--- DATASET EXCERPT ---
[Start of Attachment]

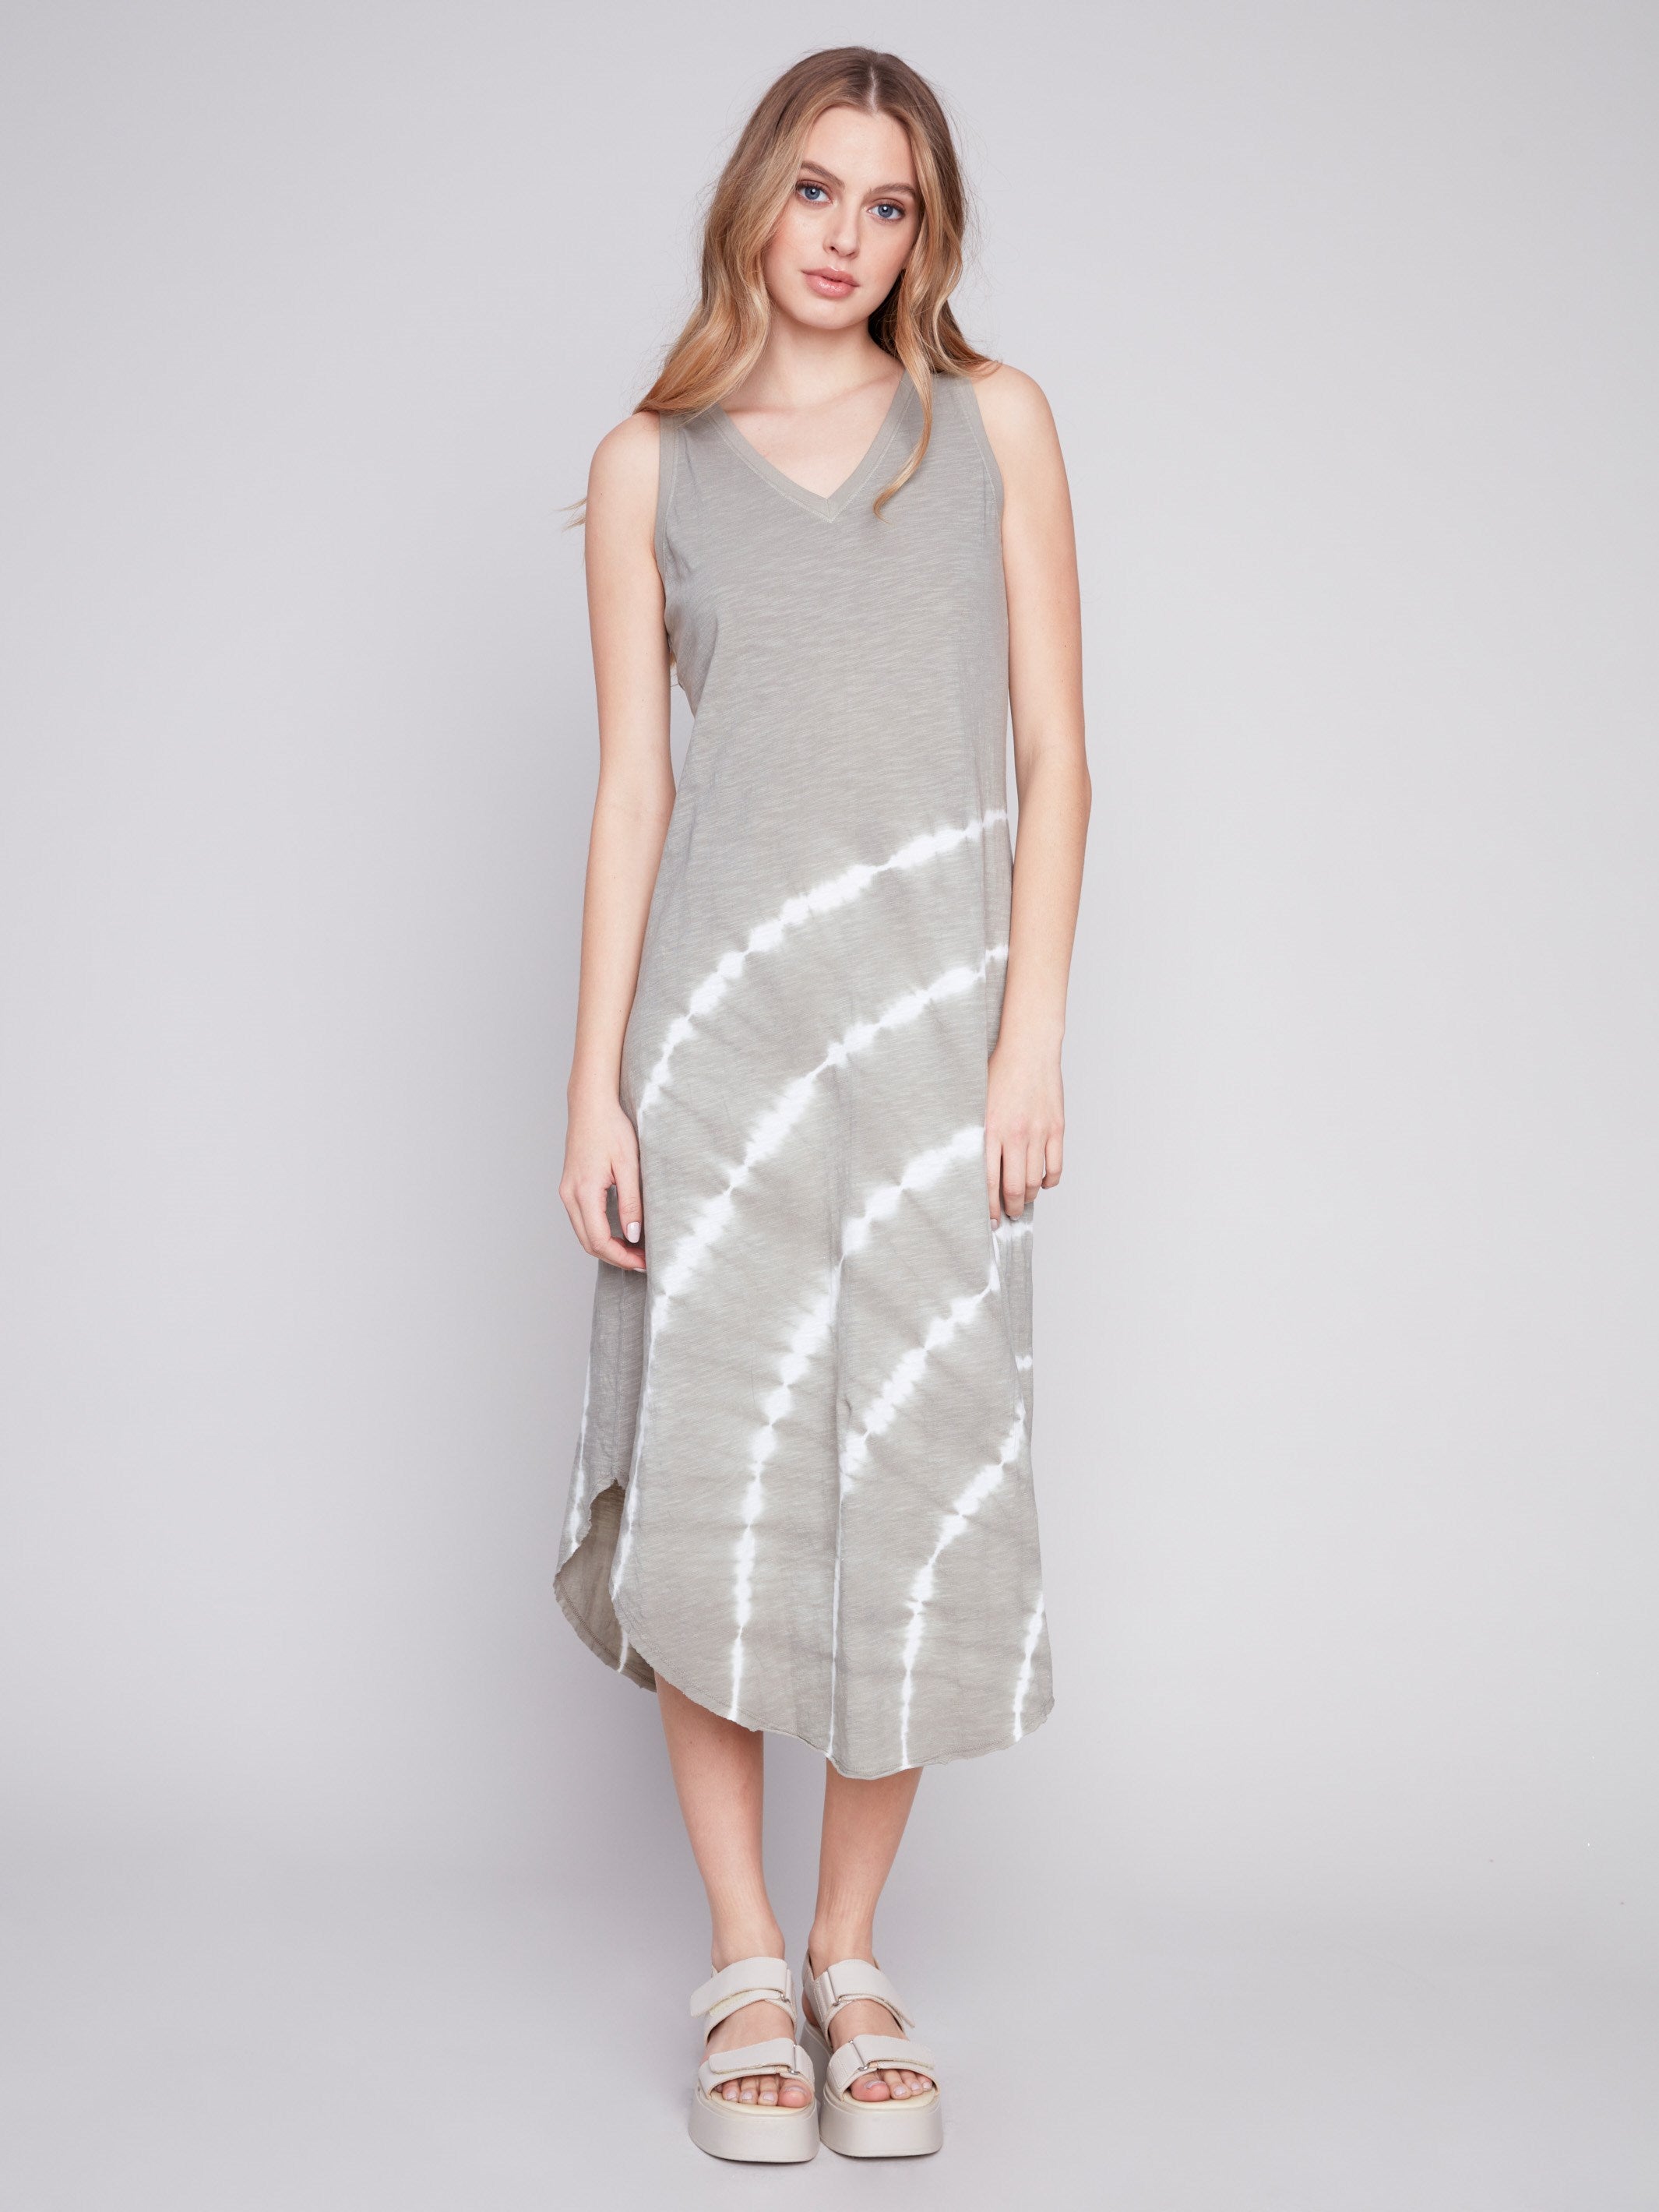 Charlie B Printed Sleeveless Cotton Dress - Celadon - Image 1
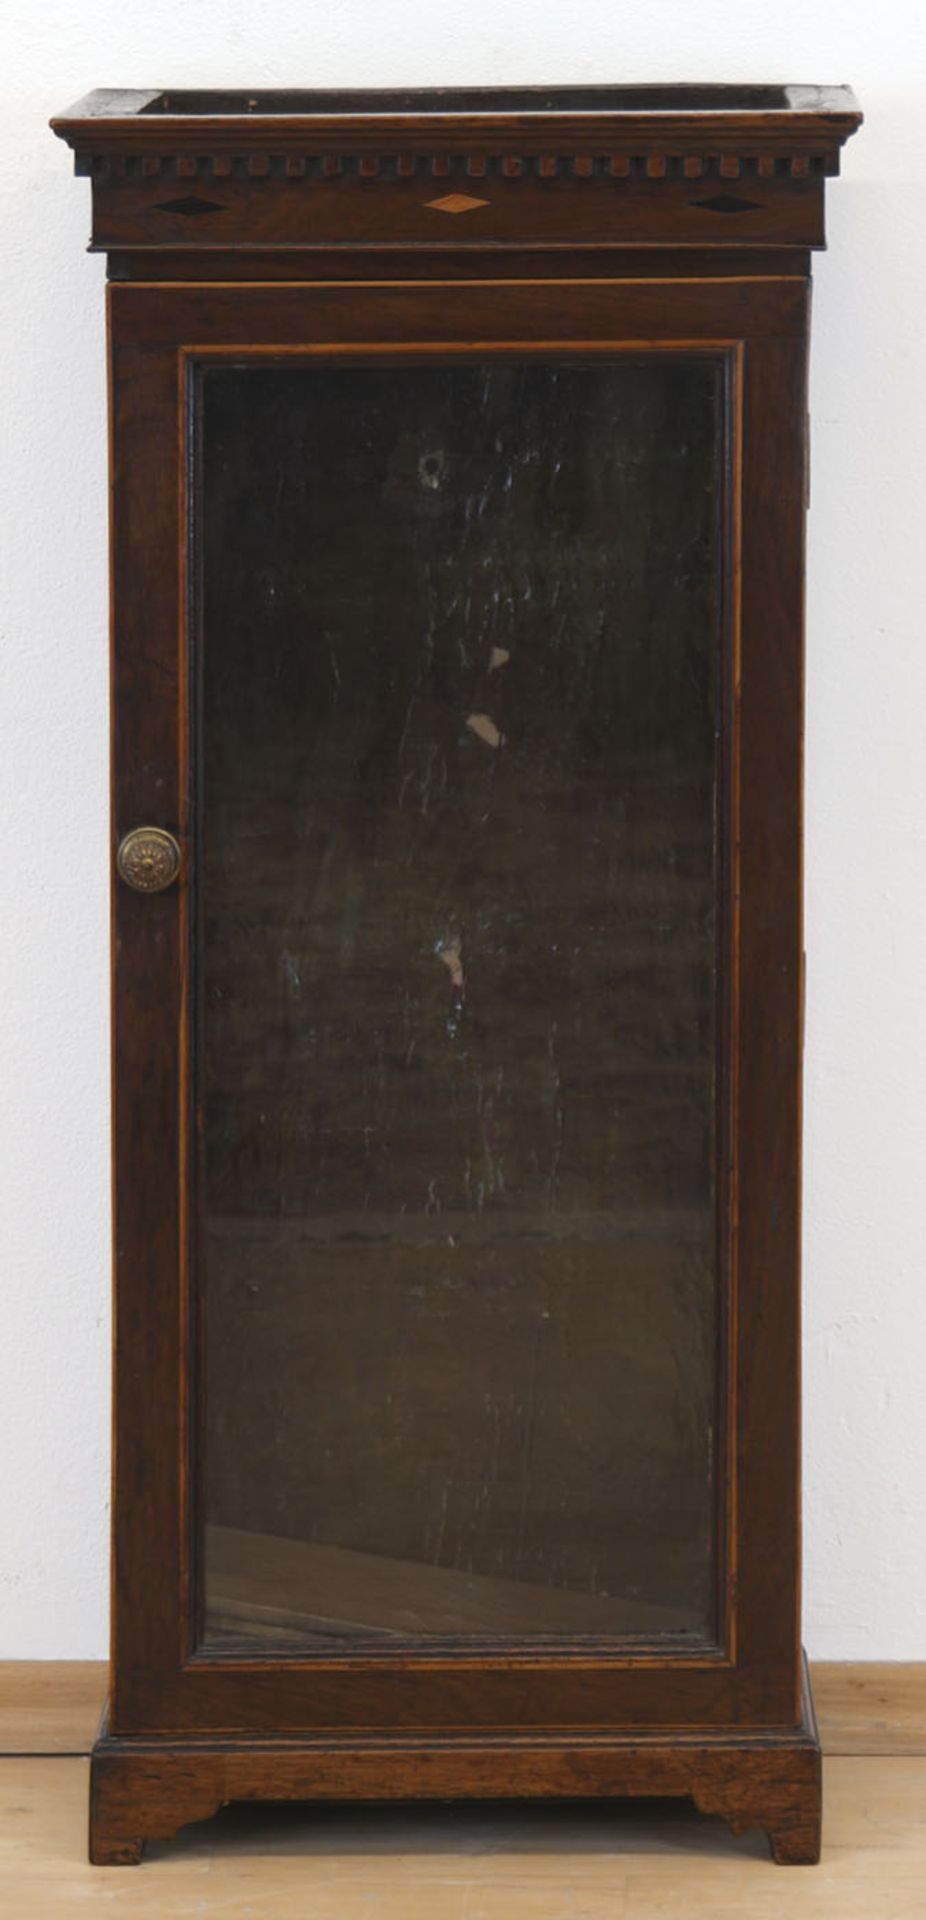 Kleine Vitrine, England Mitte 19. Jh., Mahagoni, intarsiert, 1-türiger, frontseitig verglast
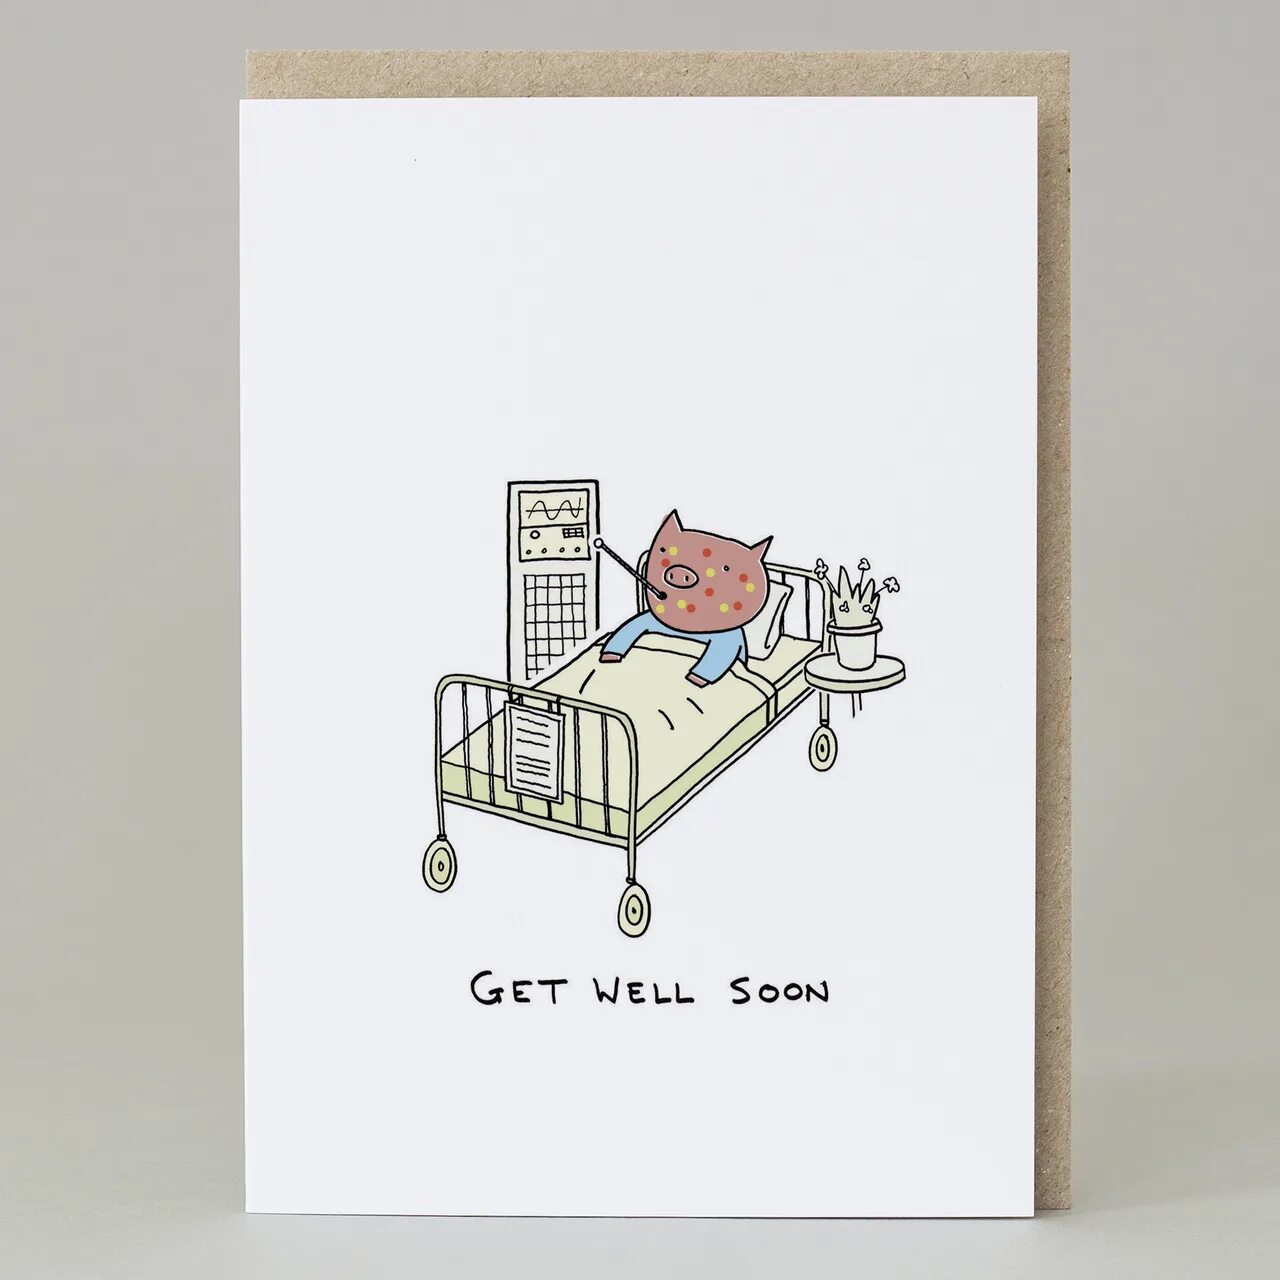 Get better or get well. Get well soon картинки. Плакат get well. Get well открытка. Открытка get well soon с кроликом.

[End of Attachment]

Stop at the line containing "Kleine Vitrine, England" and include it. Everything from the first line of the material up to there is to be repeated exactly, leaving out pictures.

 Charlie B Printed Sleeveless Cotton Dress - Celadon - Image 1
 Kleine Vitrine, England Mitte 19. Jh., Mahagoni, intarsiert, 1-türiger, frontseitig verglast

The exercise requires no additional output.